**Exercise aim:** Return the lines of the material below exactly, beginning with the line that has "RLX Pills Male Performance" in it and finishing with the line that has "D-D - BladeRunner" in it. Leave all pictures aside.

**The data:**
=== Section Start ===

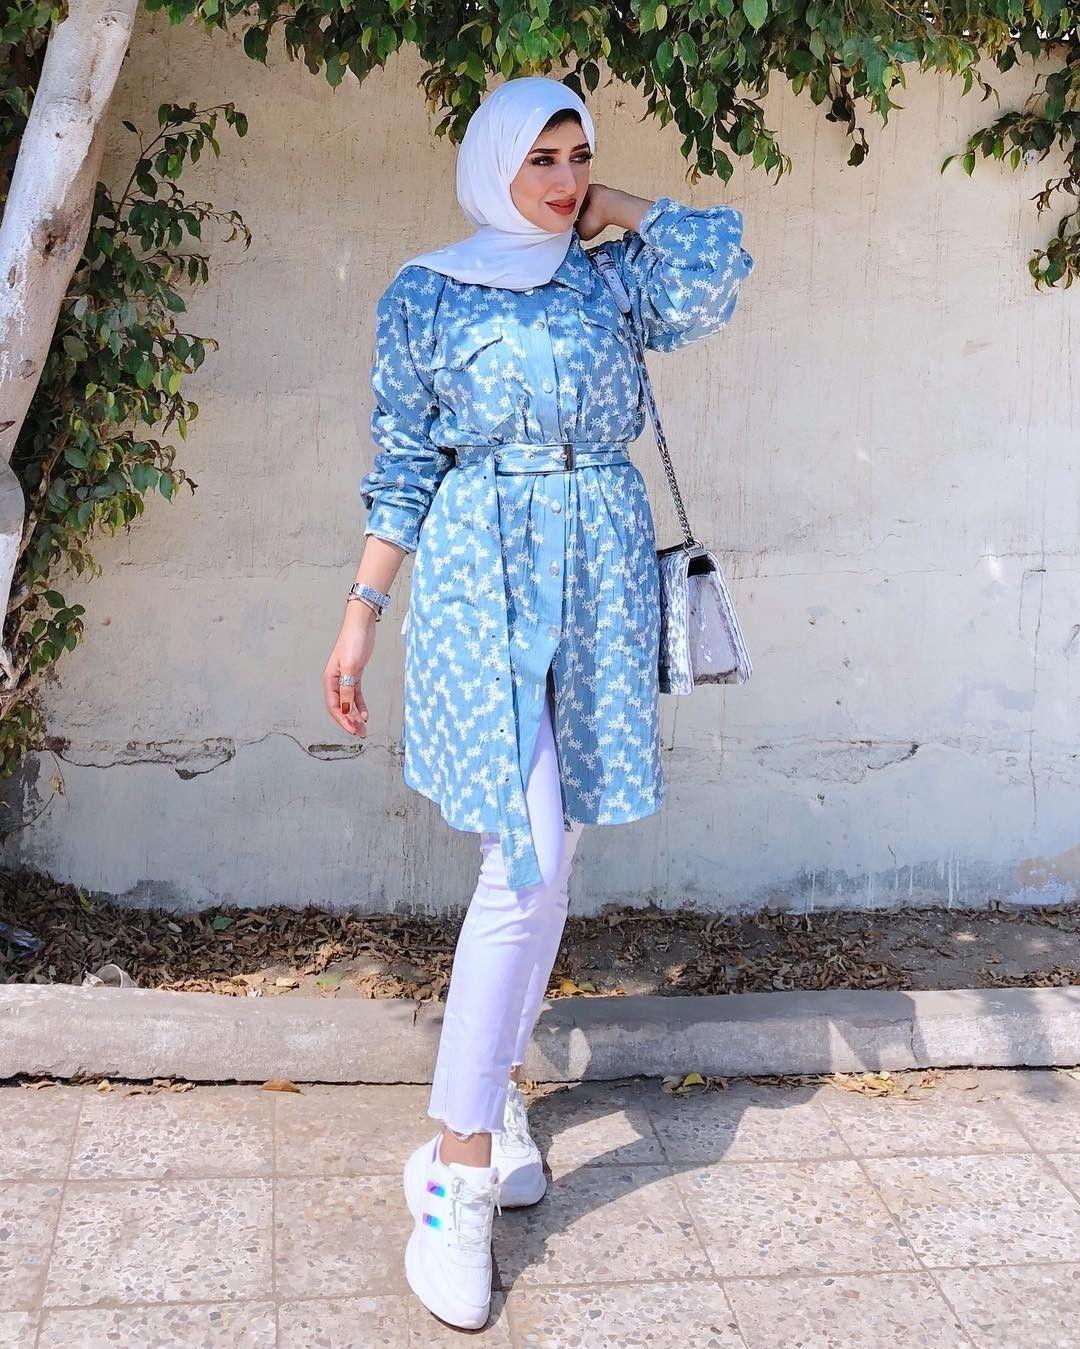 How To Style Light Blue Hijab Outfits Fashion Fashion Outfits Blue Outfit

=== Section End ===
=== Section Start ===

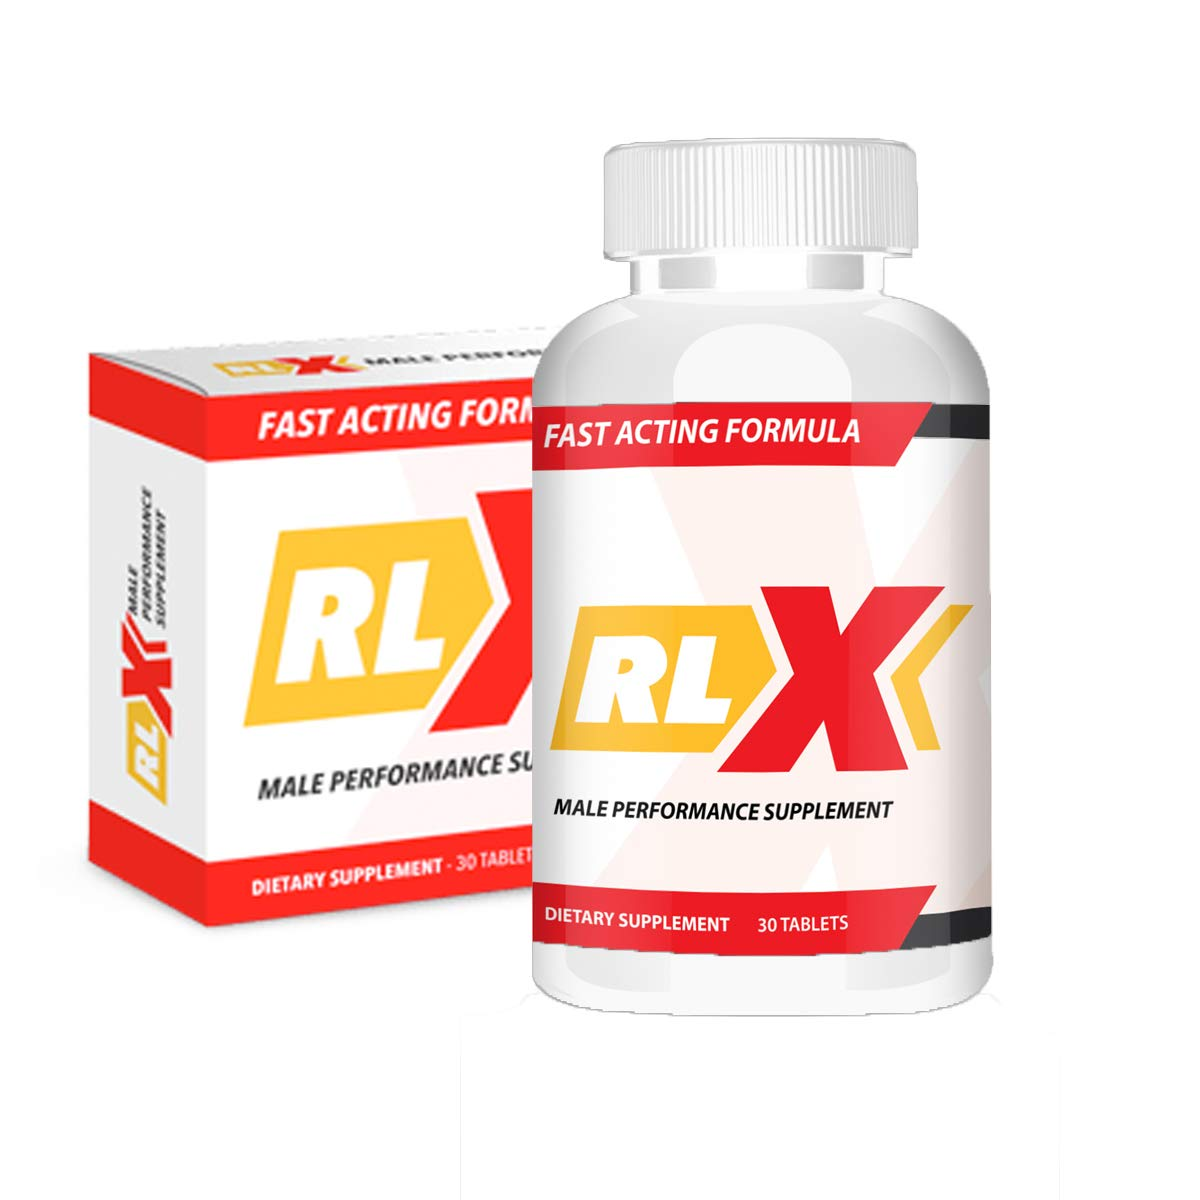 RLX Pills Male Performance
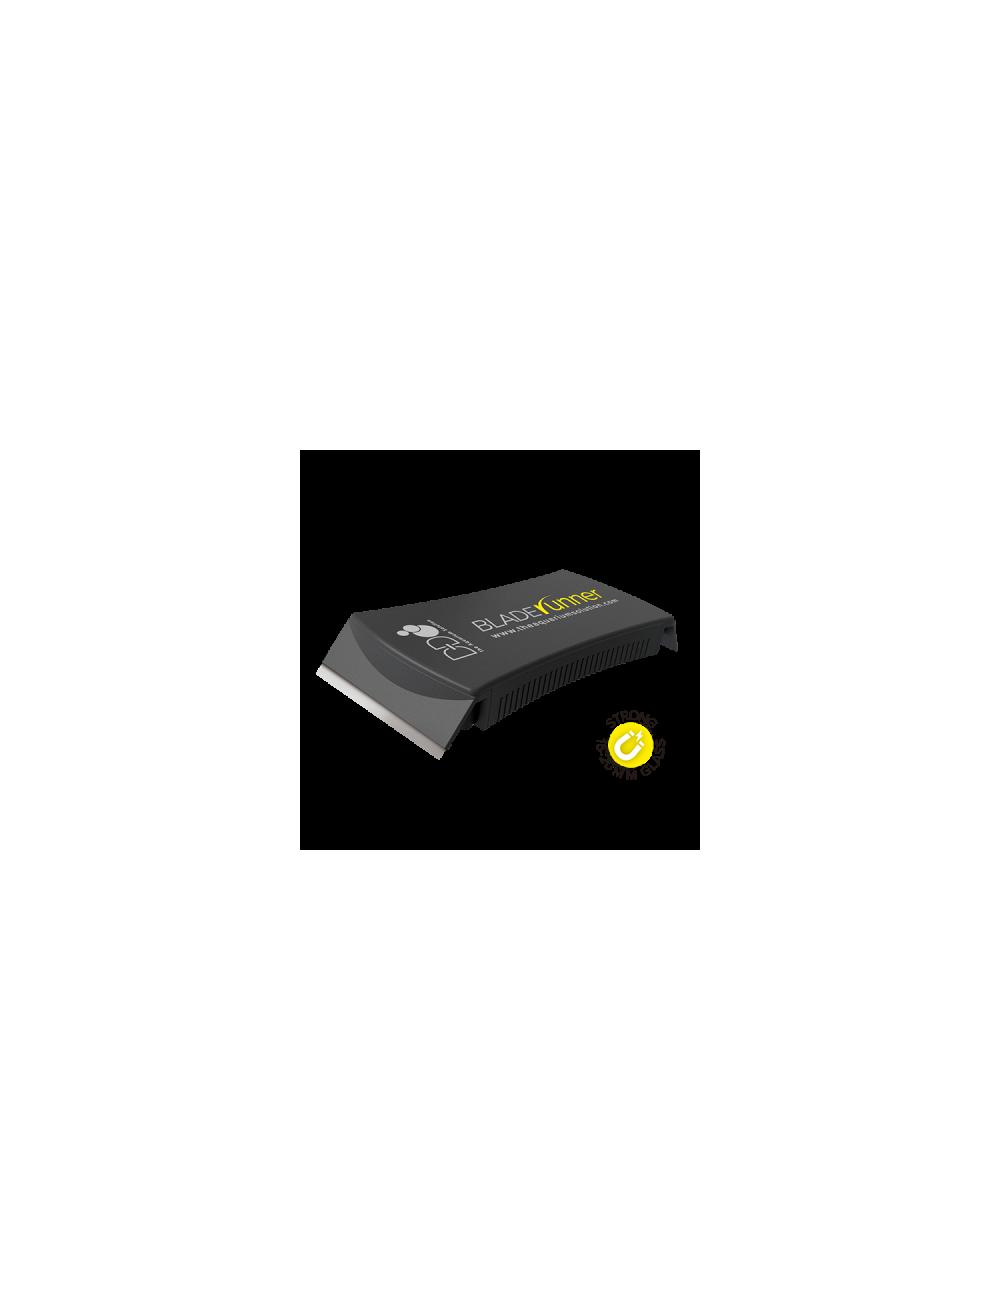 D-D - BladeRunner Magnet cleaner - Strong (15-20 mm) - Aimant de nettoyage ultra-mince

=== Section End ===
=== Section Start ===

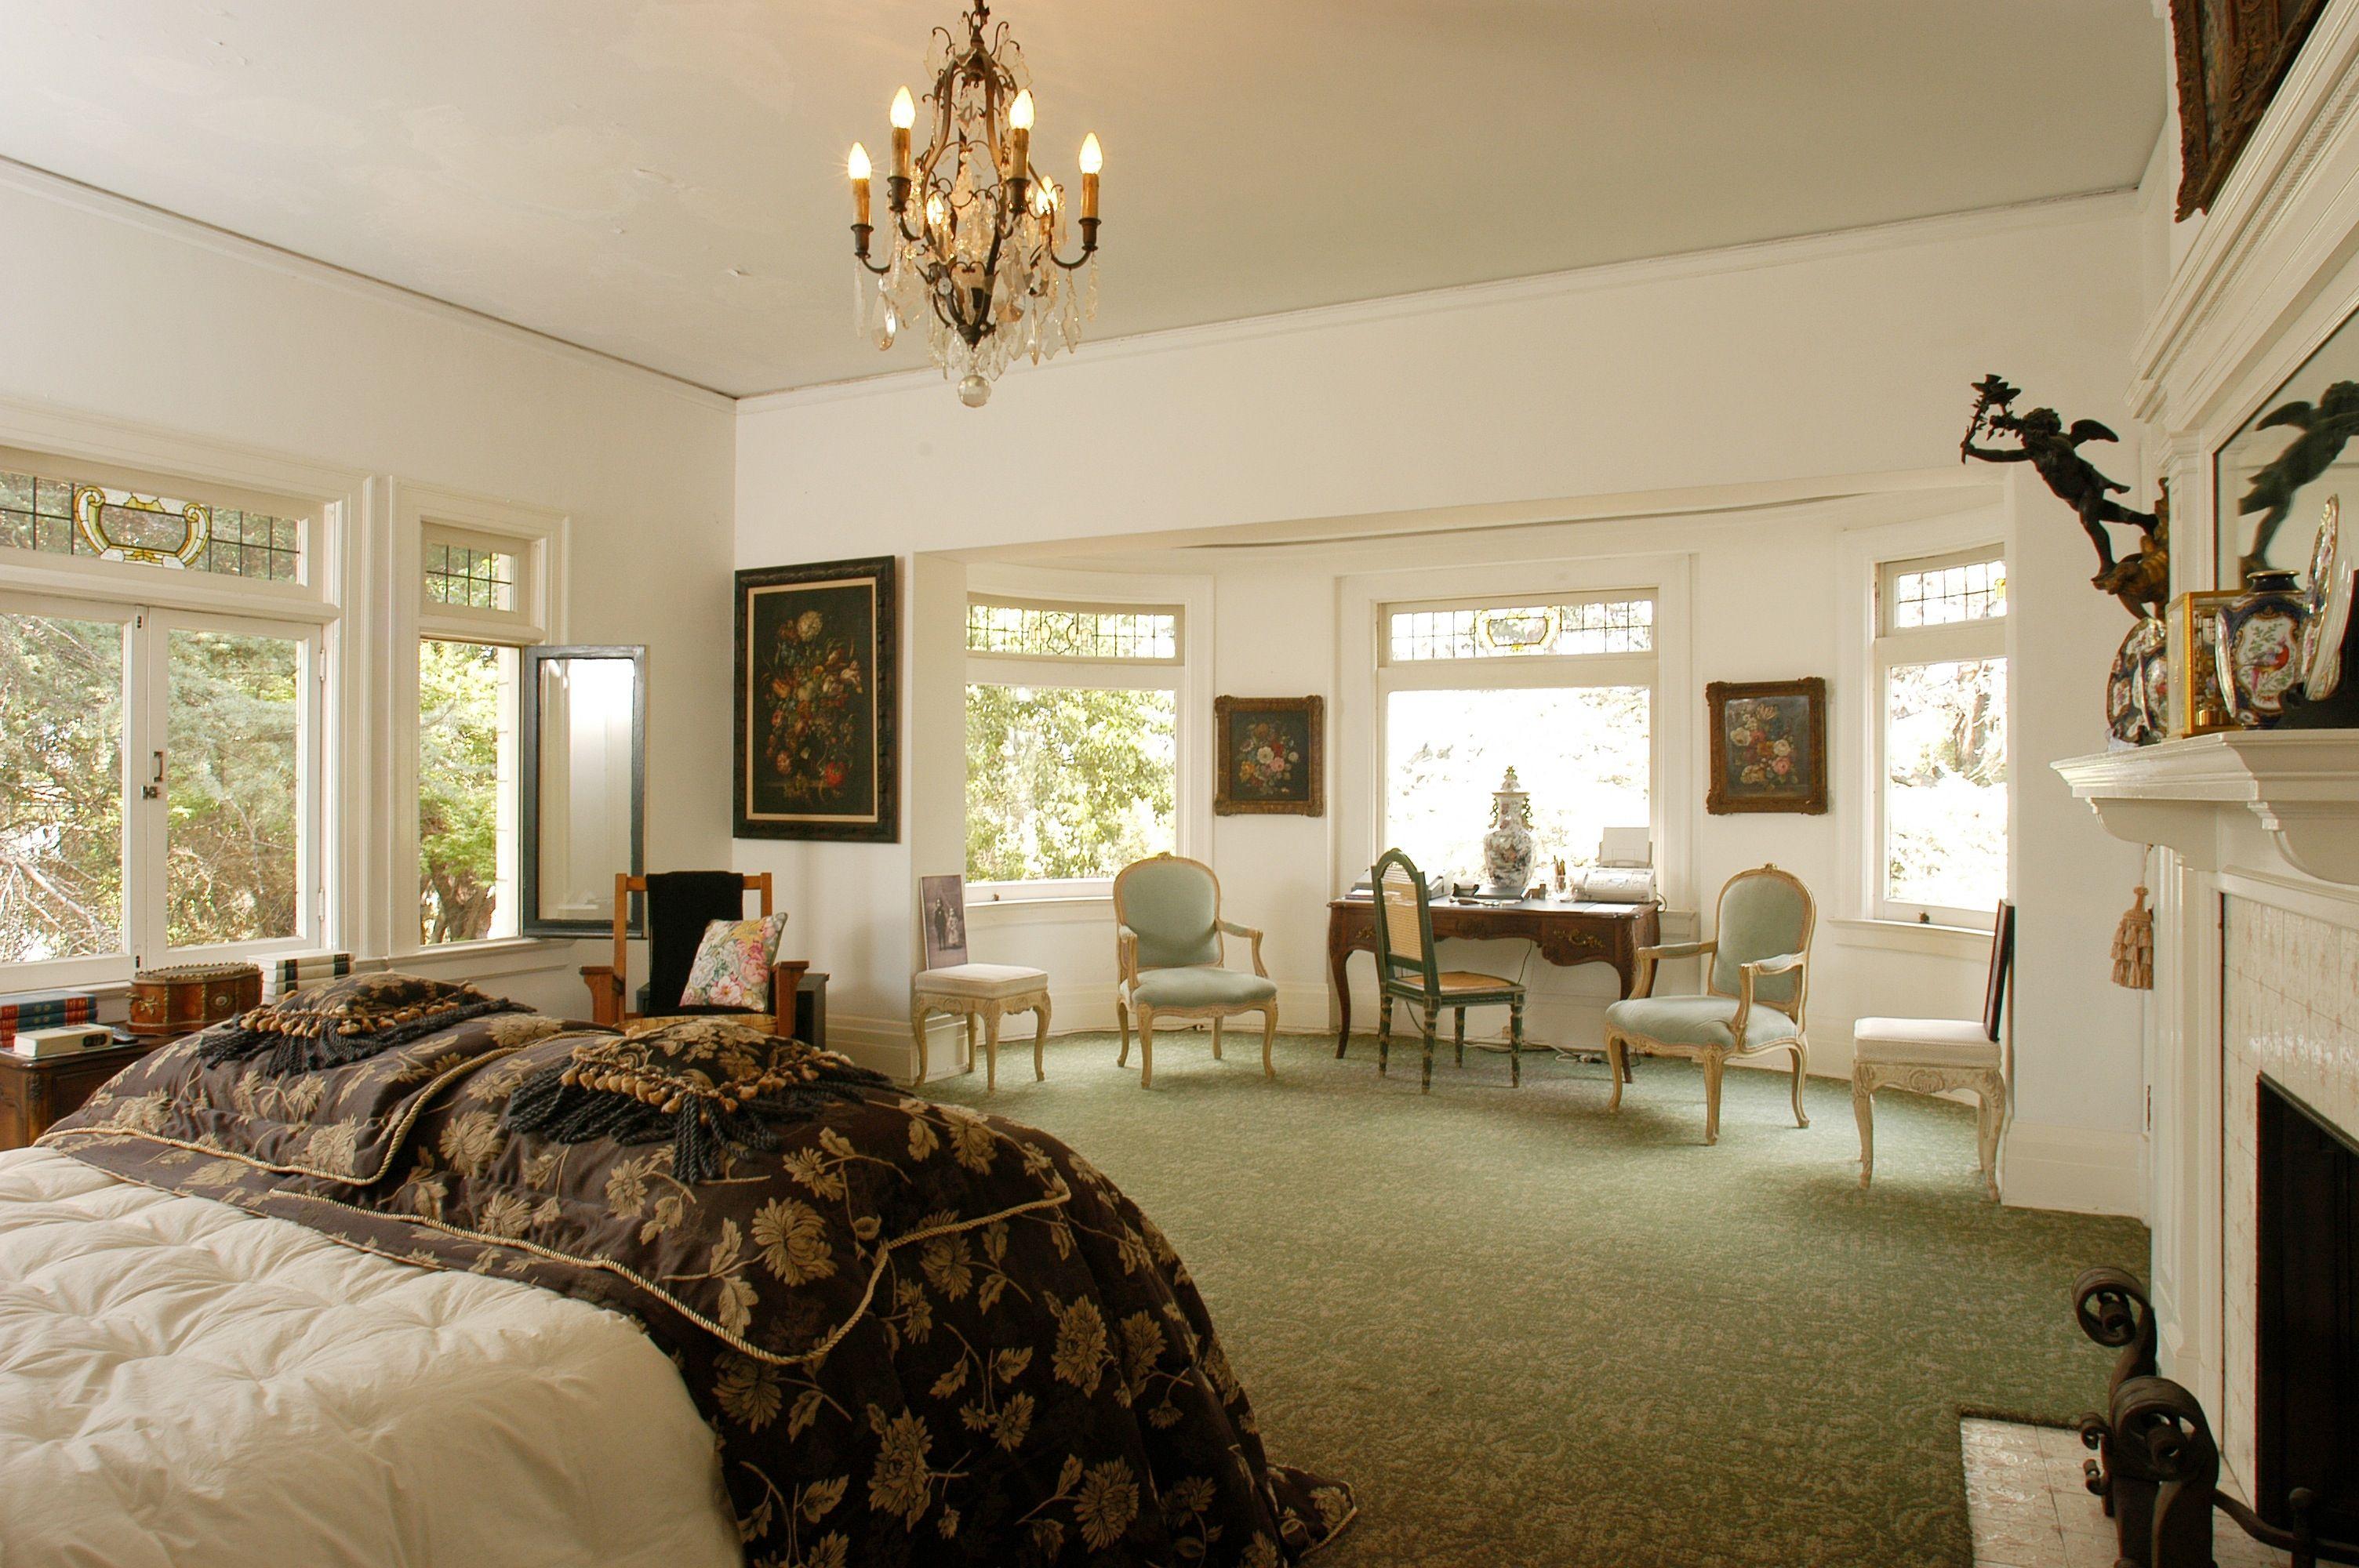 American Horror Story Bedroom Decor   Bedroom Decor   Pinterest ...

=== Section End ===

**Result:**
 RLX Pills Male Performance
 D-D - BladeRunner Magnet cleaner - Strong (15-20 mm) - Aimant de nettoyage ultra-mince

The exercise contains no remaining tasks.